Fourteen carriers belonging to the Transpacific Stabilisation Agreement (TSA), are working on plans to reduce capacity to prop up falling freight rates, according to reports from Worldsources, Inc. and the Associated Press.
The move follows a poor summer season when TSA members, including , OOCL, APL, Cosco, Evergreen Marine, Hanjin, Hyundai Merchant Marine, K-Line, Maersk Sealand, P&O Nedlloyd and Yangming, were unable to raise rates.
Carriers have been forced to cancel both a general rate increase that would have taken effect in May and a peak season surcharge of US$300 per 40-foot unit. As a result freight rates have fallen back to 1998 levels.
The TSA follows the Far East Freight Conference (FEFC) which represents container lines serving Asia/Europe routes, in proposing a capacity cut.
Reports say the cuts are likely to echo proposals that will be discussed by FEFC members, namely the withdrawal of about 10,000 TEUs (20-foot equivalent units) of capacity a week for three months starting in October, assuming the European Union approves the move.
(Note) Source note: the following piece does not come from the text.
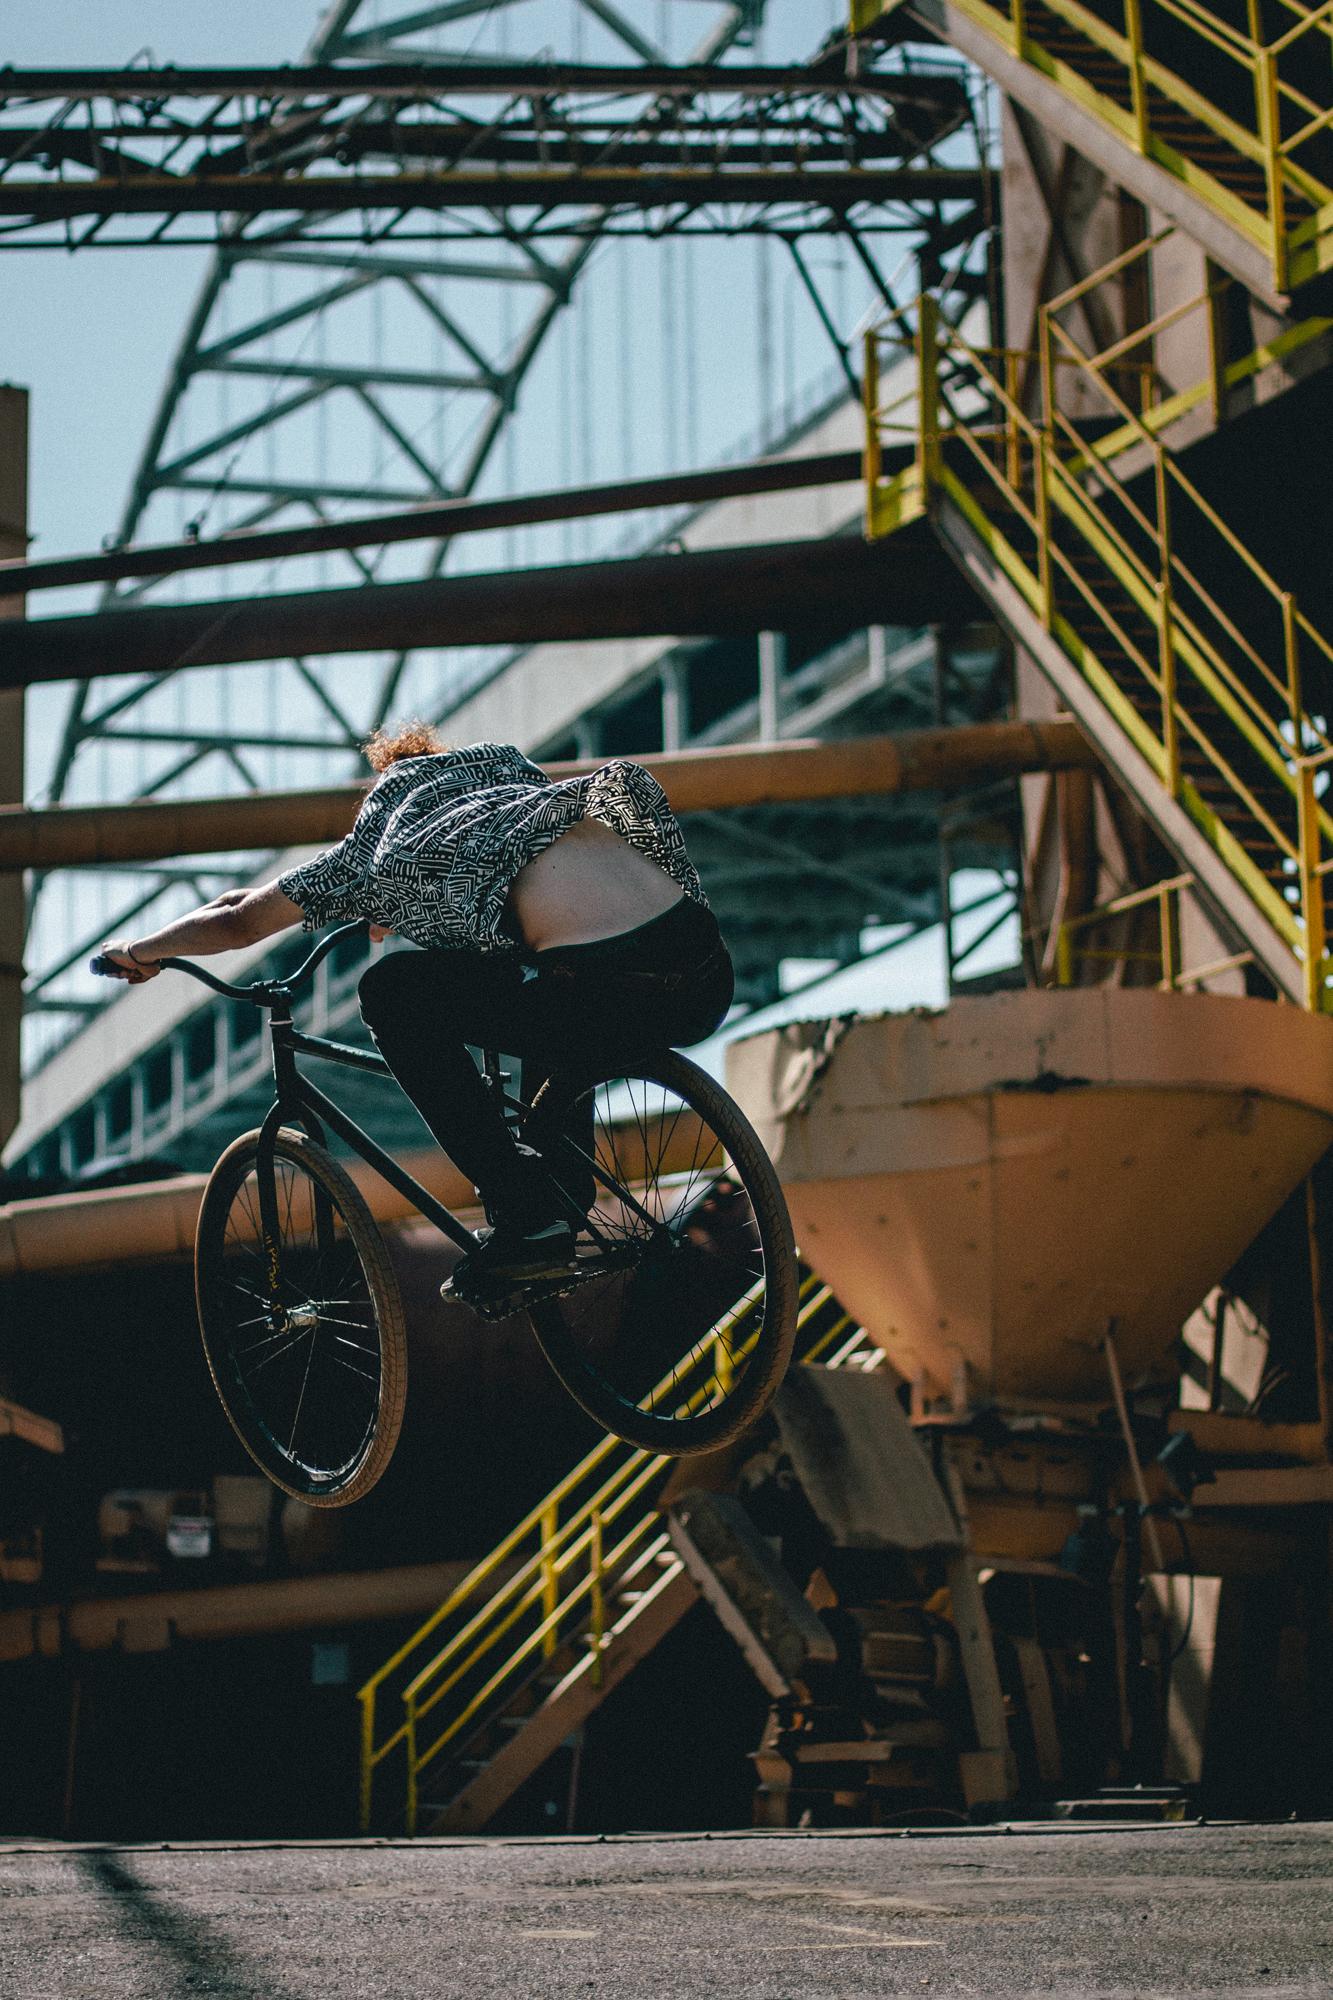 WheelTalk_FGFS_Portland_NelsonBell-8204

This represents a 10 per cent cut in available cargo space on Europe-Asia routes.
As well, newly-delivered ships could also be laid up as sailings are cancelled and weekly services reduced to fortnightly.
Further capacity reductions are proposed by FEFC members early next year, while TSA plans, at a less advanced stage than those by the FEFC, could be introduced early next year. Overall, carriers posted a 15 per cent increase in the number of containers shipped eastbound last year.
Industry insiders predict there will be less than three per cent growth this year.
OOCL reported eight per cent growth in the total number of containers handled in the first half to 943,541 TEUs, compared with 873,278 TEUs a year earlier.
But this coincided with a fall of between three per cent and five per cent in freight rates. P&O Nedlloyd also saw a gain in the number of containers carried by its ships in the first six months to 1.52 million TEUs compared with 1.44 million TEUs in the same period.
Average revenue per TEU also rose to US$1,359 from US$1,323 in the same period last year. The arrival of larger vessels will also boost capacity when there is already overcapacity in the sector, depressing freight rates further.
A market report by UK firm, Drewry Shipping Consultants predicts that capacity will by about 12 per cent on Asia-Europe routes this year, compared with eight per cent on transpacific trades. This is expected to have a detrimental effect on freight rates.